### The problem
Working from the line that contains "Tempesta di sabbia, Namib" down to the last line below, repeat each line exactly.

------------------------------------------------------------

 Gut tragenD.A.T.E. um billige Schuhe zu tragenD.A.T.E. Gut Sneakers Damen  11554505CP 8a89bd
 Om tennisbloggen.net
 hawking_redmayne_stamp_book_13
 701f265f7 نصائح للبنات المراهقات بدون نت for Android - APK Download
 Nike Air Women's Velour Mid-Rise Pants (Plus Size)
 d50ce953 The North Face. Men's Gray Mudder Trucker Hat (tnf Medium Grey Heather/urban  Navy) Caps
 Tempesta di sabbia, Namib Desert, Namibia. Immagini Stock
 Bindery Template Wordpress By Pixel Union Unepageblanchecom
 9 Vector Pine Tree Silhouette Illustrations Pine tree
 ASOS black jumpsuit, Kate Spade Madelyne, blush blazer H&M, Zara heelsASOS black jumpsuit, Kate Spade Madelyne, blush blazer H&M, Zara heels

------------------------------------------------------------

### Solution to this task
 Tempesta di sabbia, Namib Desert, Namibia. Immagini Stock
 Bindery Template Wordpress By Pixel Union Unepageblanchecom
 9 Vector Pine Tree Silhouette Illustrations Pine tree
 ASOS black jumpsuit, Kate Spade Madelyne, blush blazer H&M, Zara heelsASOS black jumpsuit, Kate Spade Madelyne, blush blazer H&M, Zara heels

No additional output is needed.